_Task goal_
With the pictures left out, restate exactly the part below that opens with the line containing "Large elevation map" and closes with the line containing "Killer Brown Boots, Fashion".

_Available records_
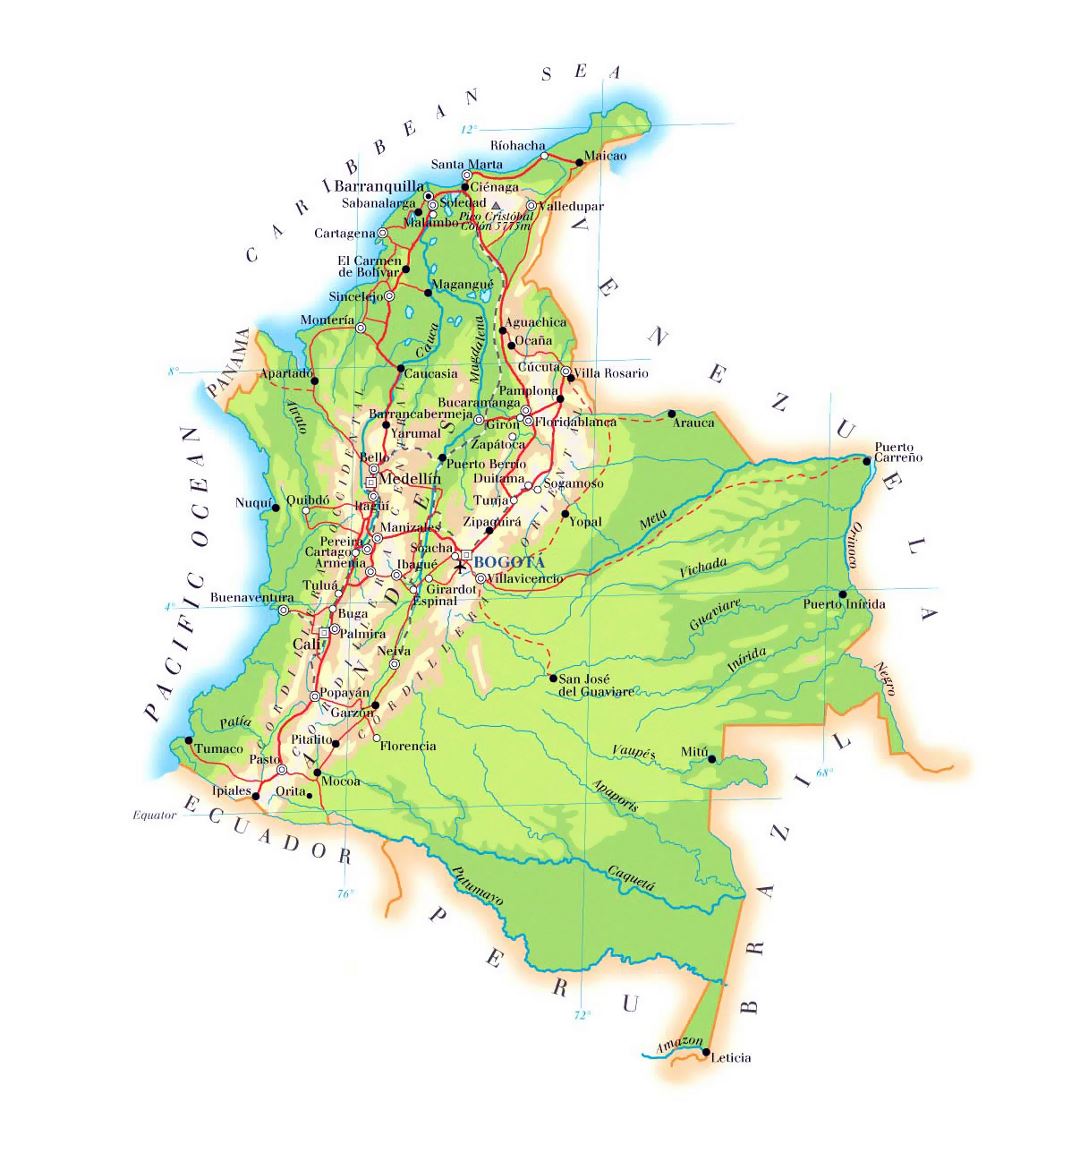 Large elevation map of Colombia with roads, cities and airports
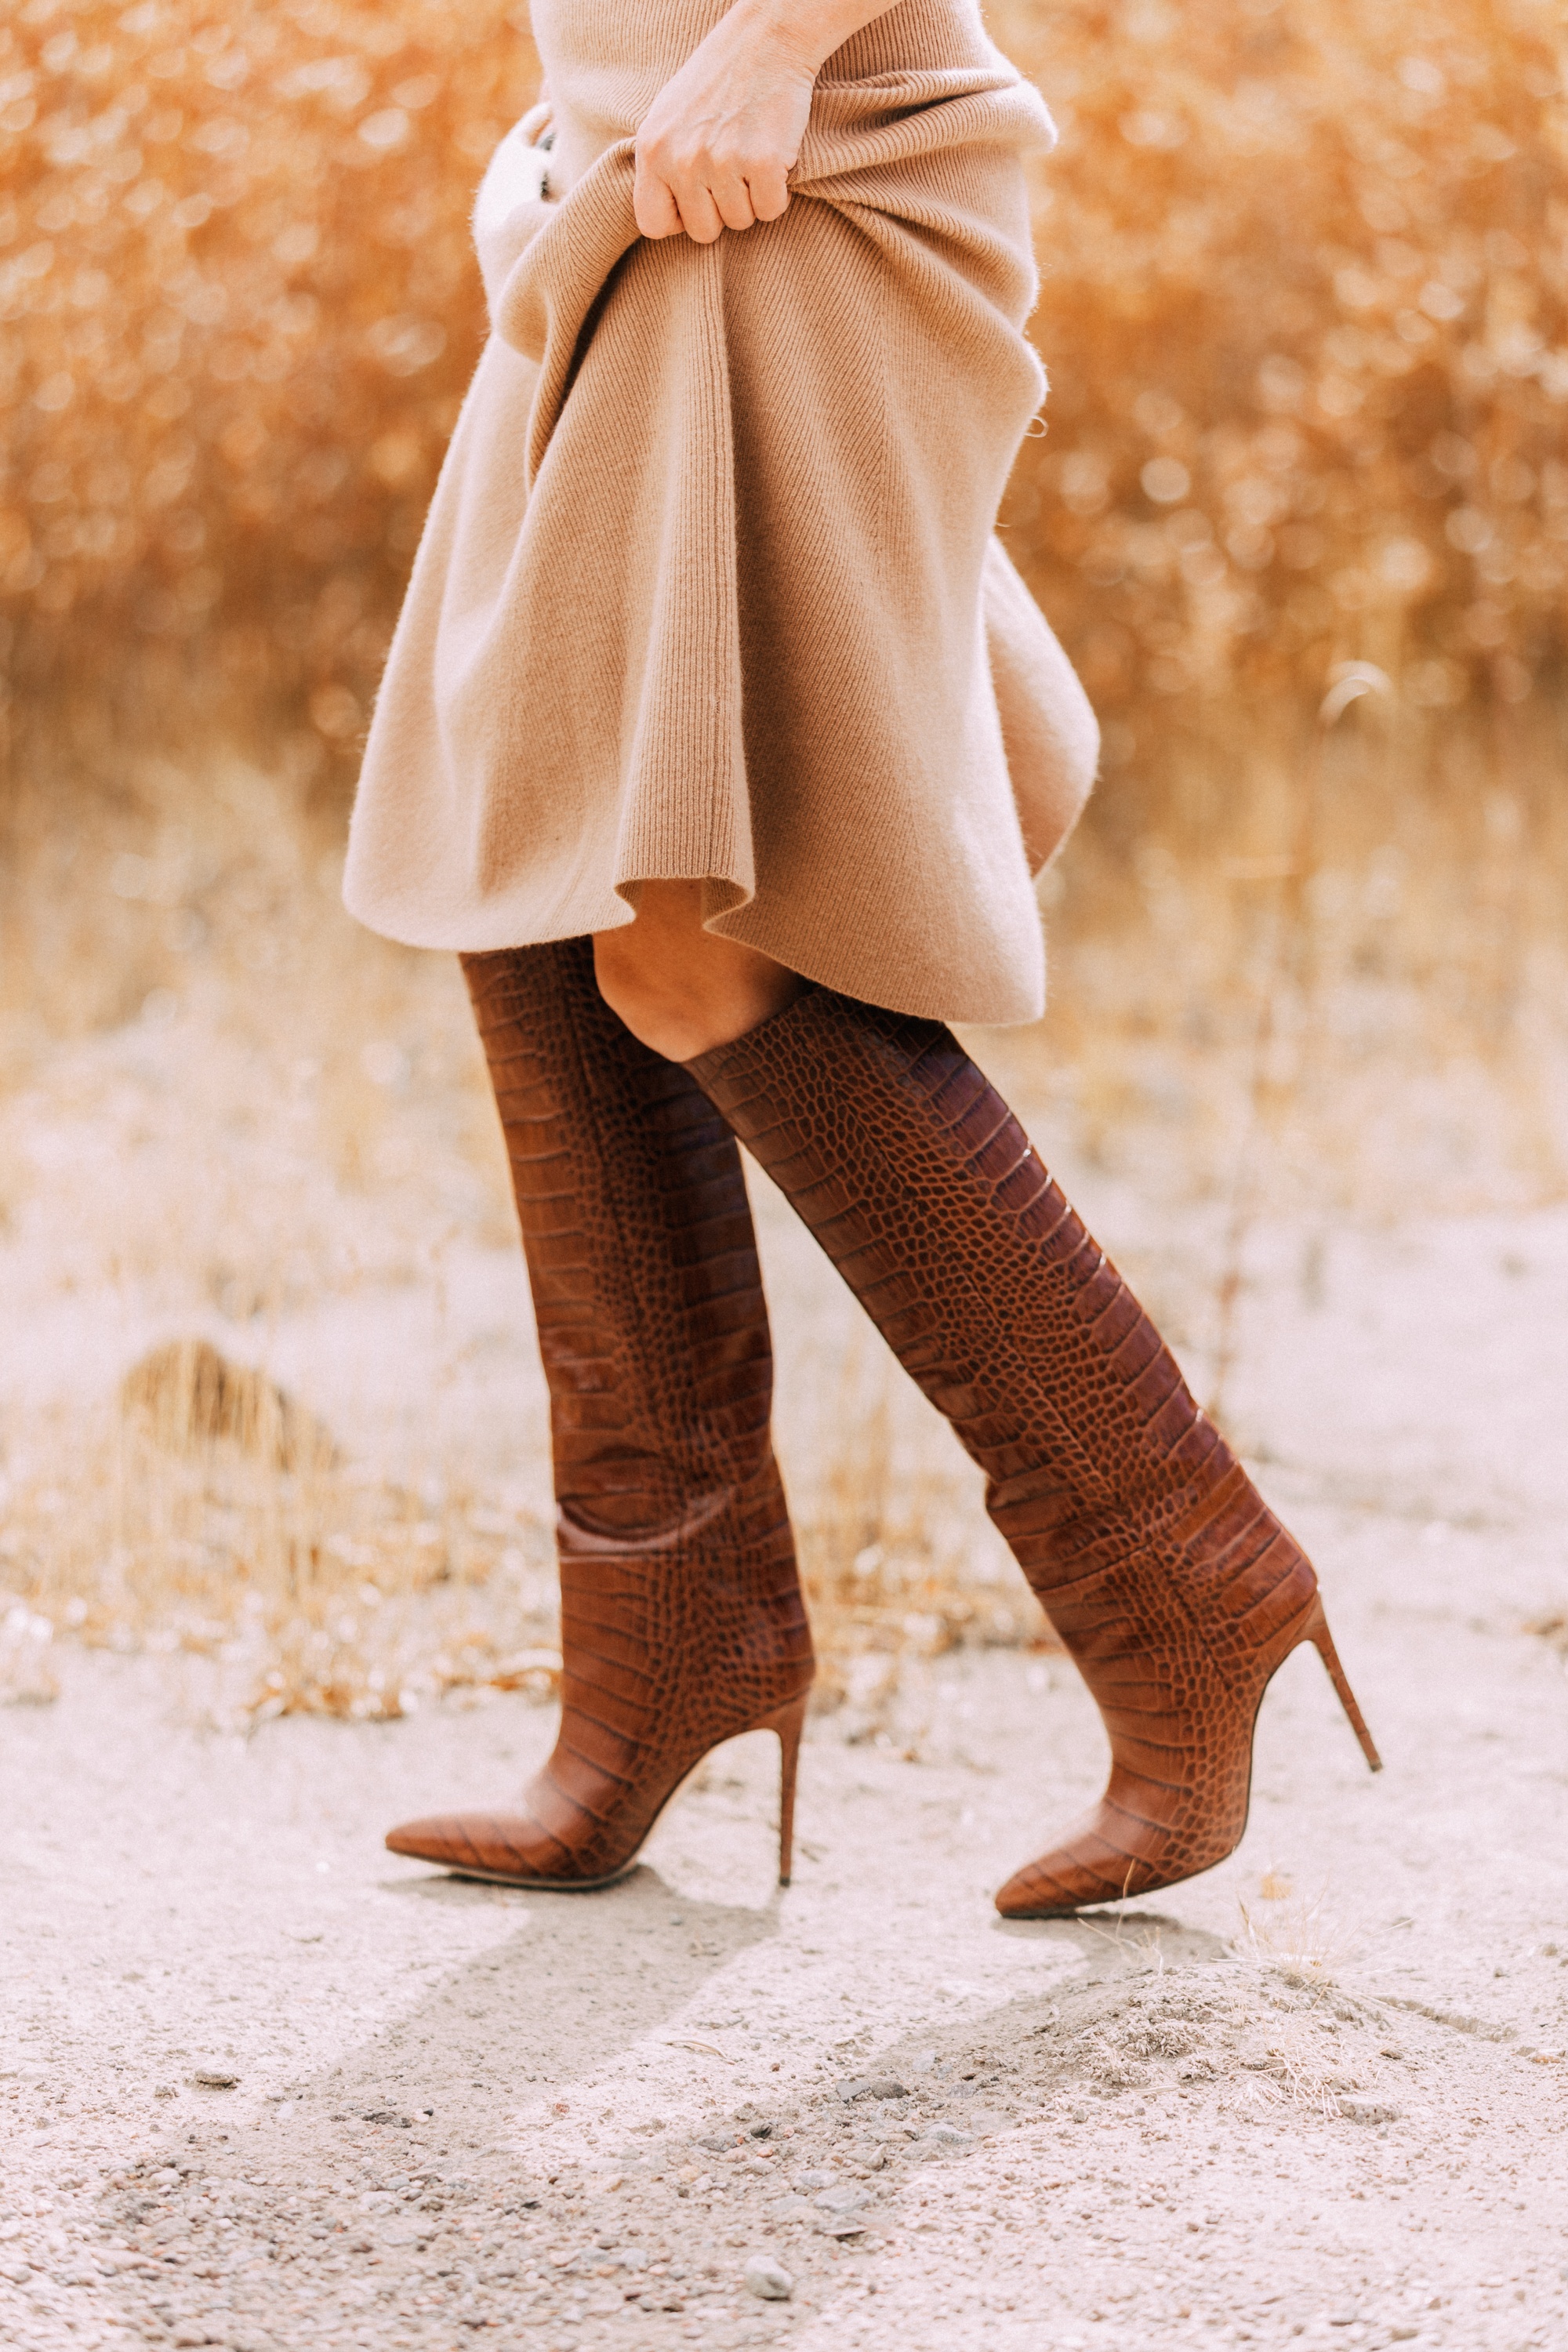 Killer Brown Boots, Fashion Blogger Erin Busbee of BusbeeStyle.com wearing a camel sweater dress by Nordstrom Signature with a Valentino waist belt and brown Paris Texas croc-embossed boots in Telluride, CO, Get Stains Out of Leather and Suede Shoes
* * *
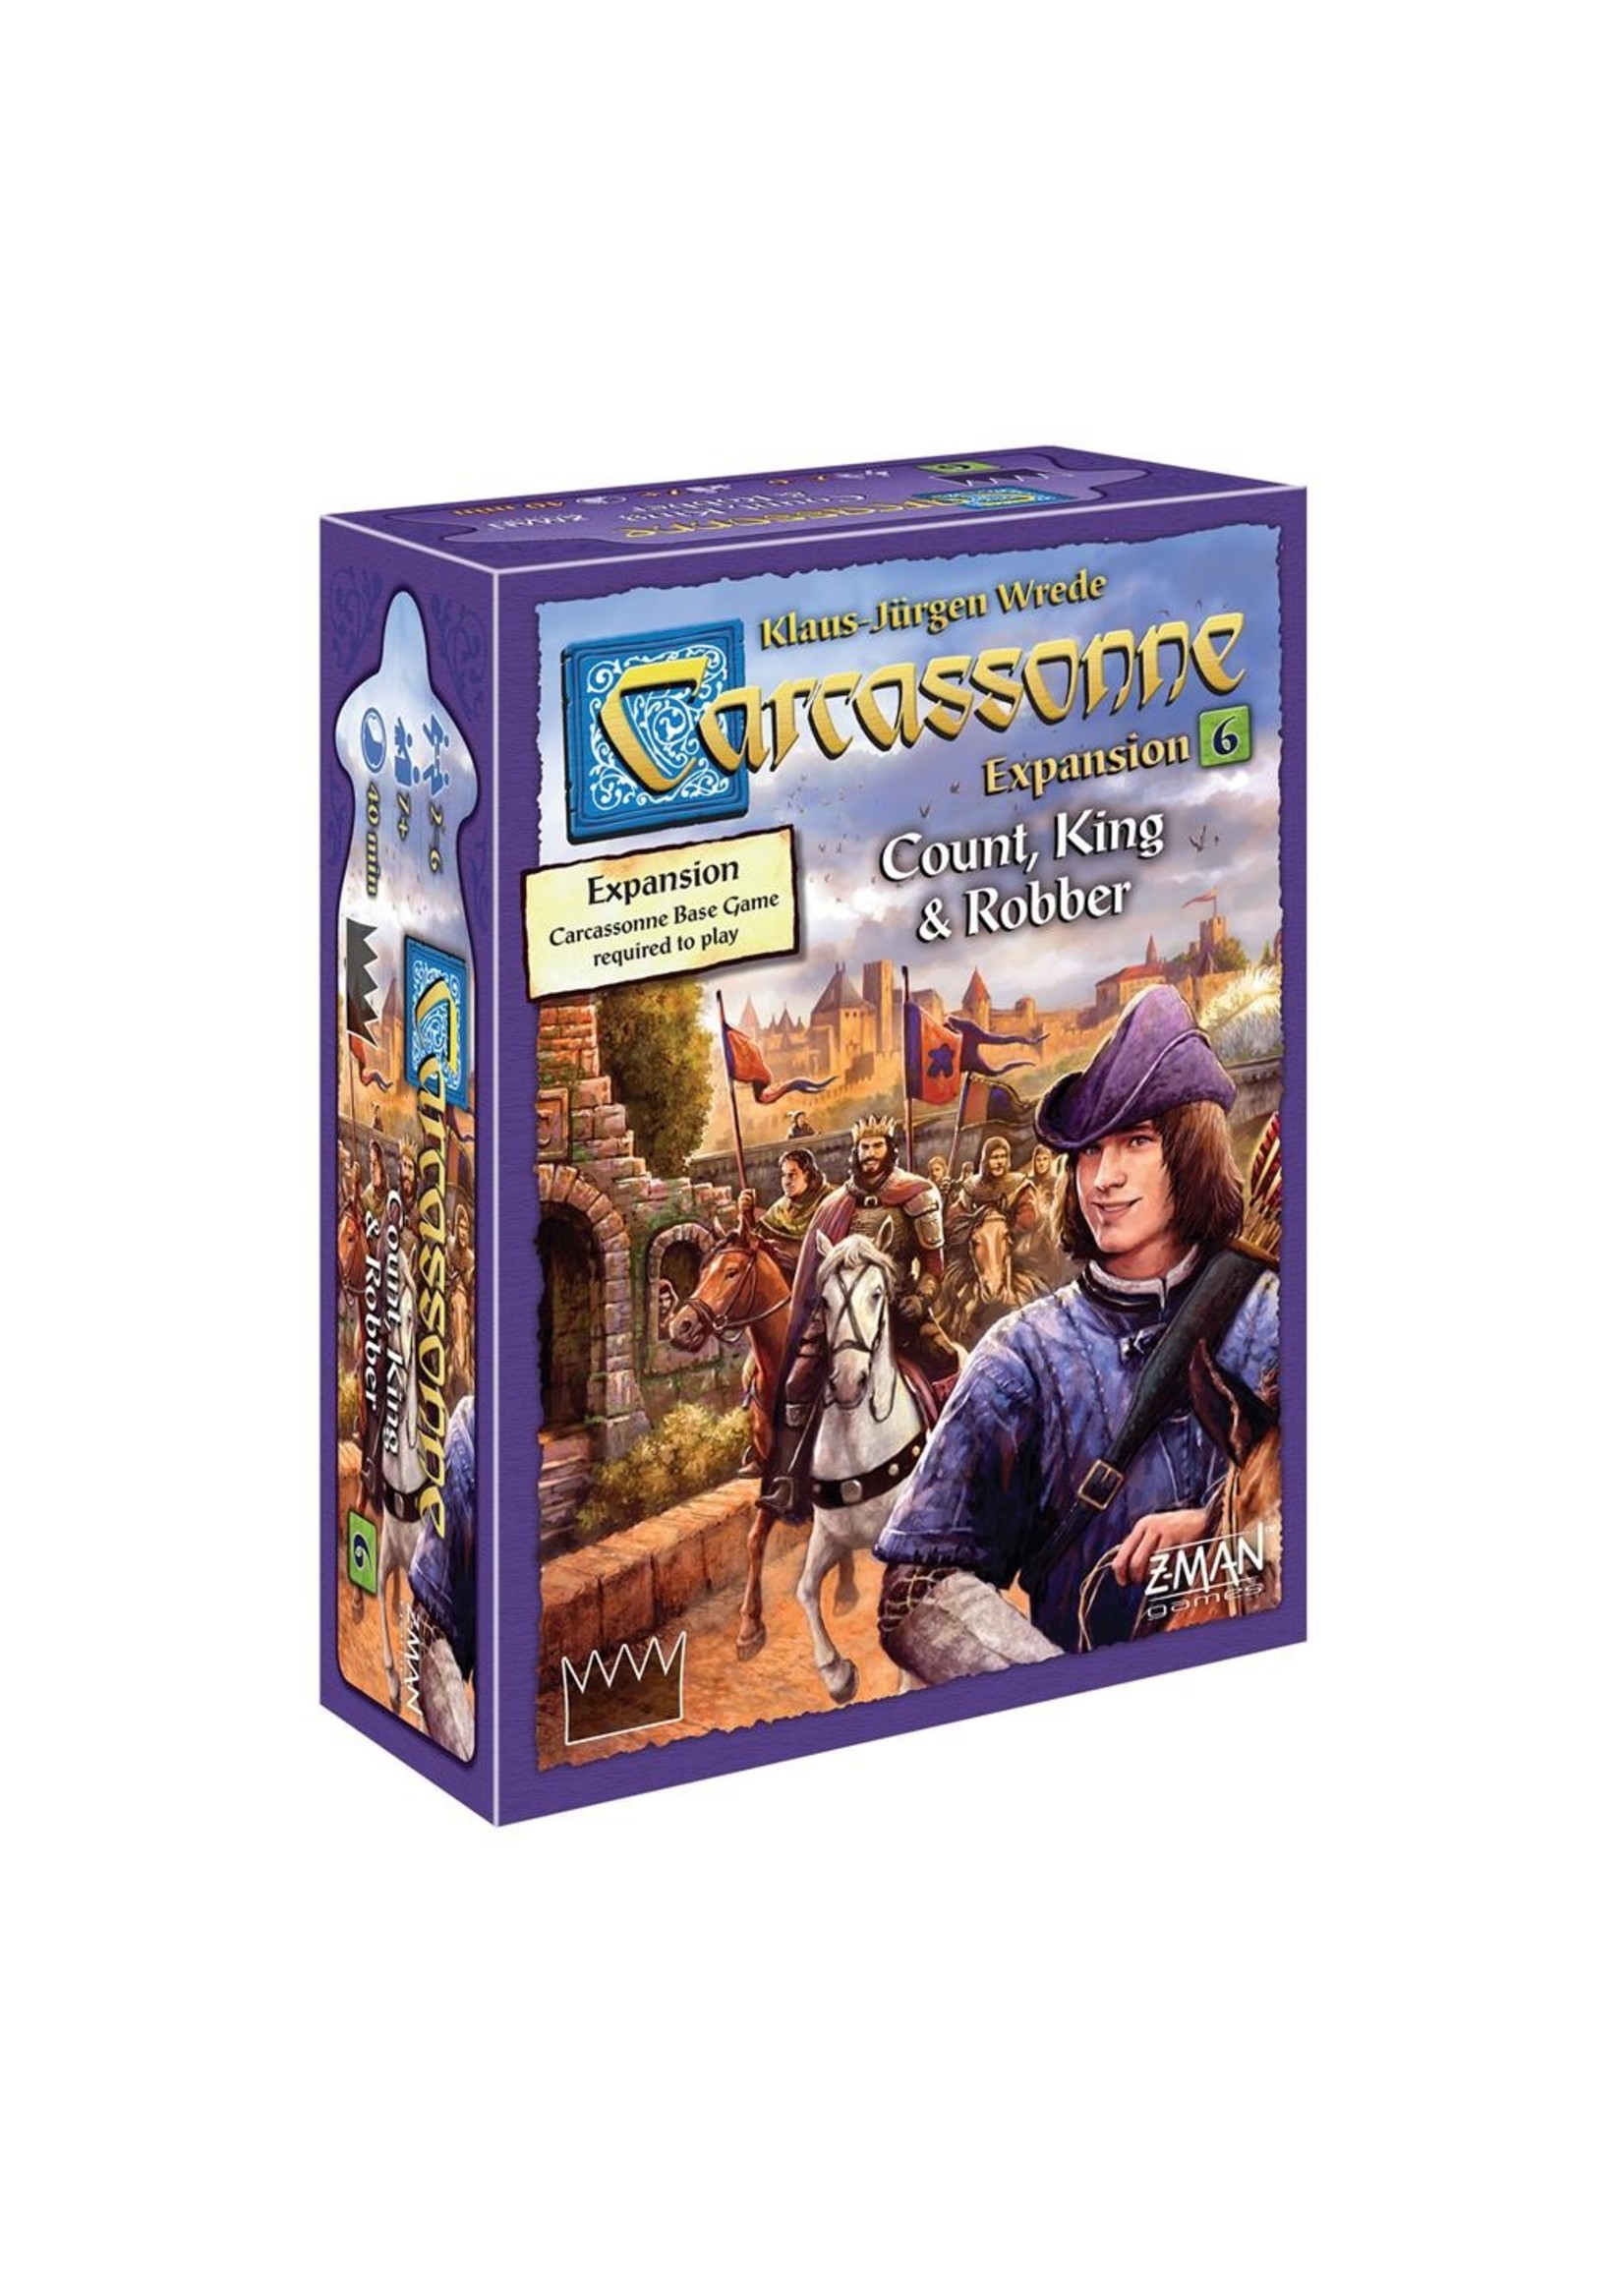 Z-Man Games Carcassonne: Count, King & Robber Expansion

_Output of the task_
 Large elevation map of Colombia with roads, cities and airports
 Killer Brown Boots, Fashion Blogger Erin Busbee of BusbeeStyle.com wearing a camel sweater dress by Nordstrom Signature with a Valentino waist belt and brown Paris Texas croc-embossed boots in Telluride, CO, Get Stains Out of Leather and Suede Shoes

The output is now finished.